The fun of home-milled flour is in experimenting. Rye, buckwheat, and spelt flour can be incorporated into breads and pastries. Baked goods made with whole-grain flour can be dense, so you can mix them with all-purpose flour (store-bought or home-ground) to lighten them up.
You can sometimes find whole grains in the bulk section of Whole Foods and Mom’s Organic Market — look for brands like Arrowhead Mills and Bob’s Red Mill. Local mills offer even broader selections. Bucks County’s Castle Valley Mill and Small Valley Milling, near Harrisburg, have online stores.
Though milling is simple, there are a few tricks to keep in mind. First, avoid overheating the mill, as heat can mute flavor and burn off nutrients. “Touch the flour every so often — it’s normal to be warm, but if it starts feeling hot, open up the mill and let everything cool off," says McWilliams.
If you aren’t going to use the flour immediately, put it in the freezer; it will keep for several months. For recipes and expert answers, check out the Fresh Loaf, an online resource and community forum.

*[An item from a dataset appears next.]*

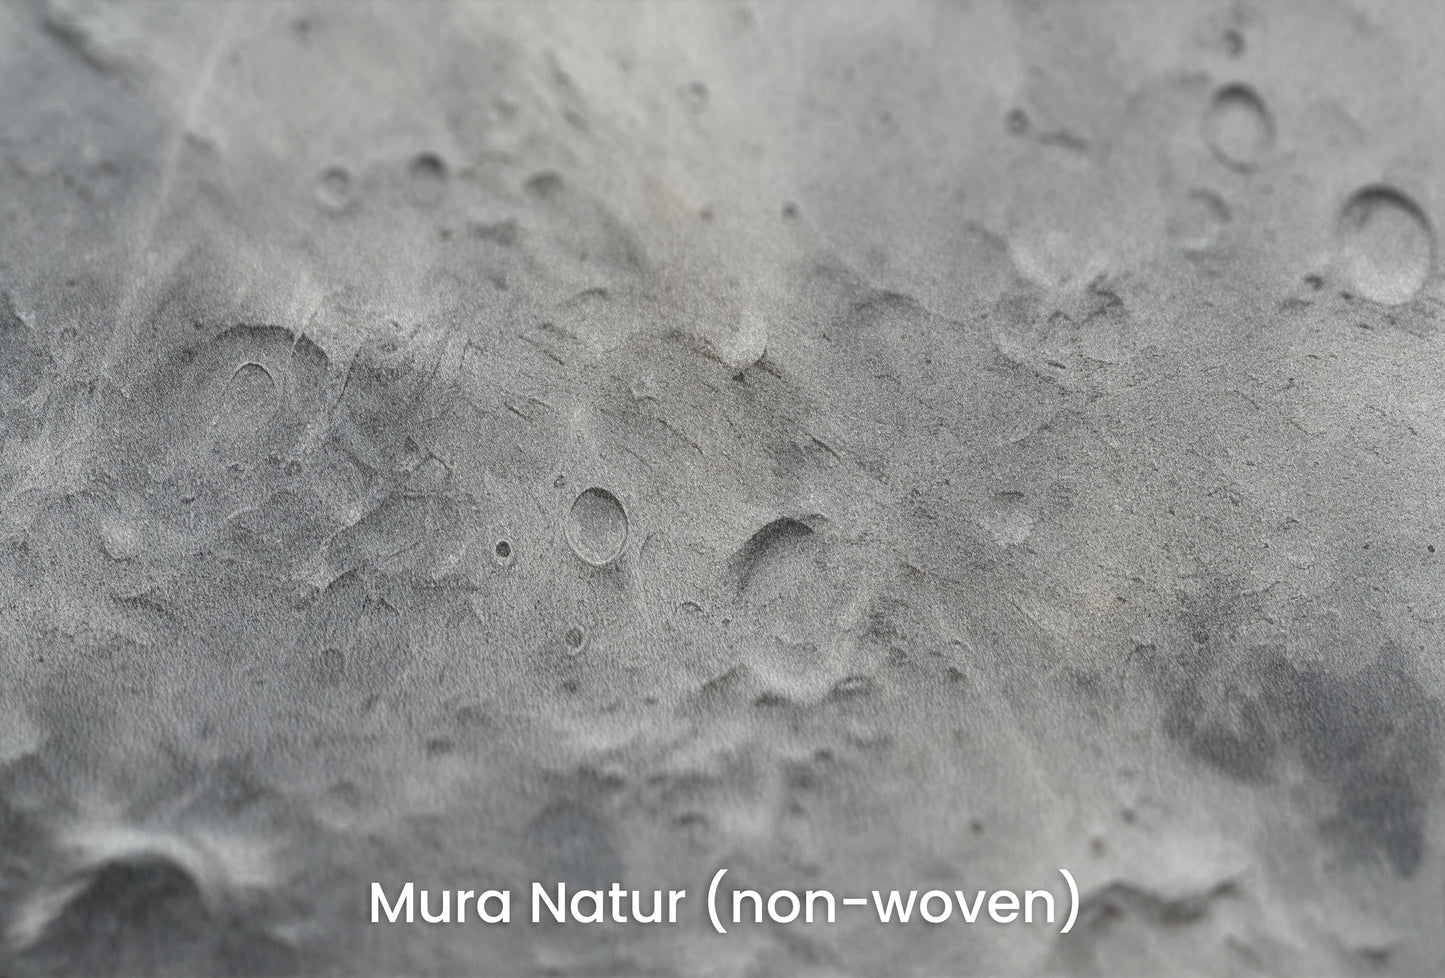 Zbliżenie na artystyczną fototapetę o nazwie Lunar Craters na podłożu Mura Natur (non-woven) - naturalne i ekologiczne podłoże.

Fresh-milled food in Philly
If home milling isn’t for you, you can still enjoy the richer flavor and enhanced nutrition of fresh-milled grain. At Vetri, 80 percent of the items on the menu — like a spelt puff pastry served with warm taleggio and jam — contain fresh-milled flour. Every day, Metropolitan Bakery mills its own grain for croissants, various breads, and a pizza crust that’s arguably the city’s most flavorful.
Lost Bread Co. mills at least 25 percent of the flour it uses for creative breads like its beet rye, seedy grain, and cranberry pepita. House-milled flour also goes into nearly every product from Philly Bread, available on area grocery store shelves. Newly opened Musi serves house-milled polenta. And for noodles, the Pasta Lab sells at an array of farmers’ markets, currently including Chestnut Hill, Media, and Bryn Mawr.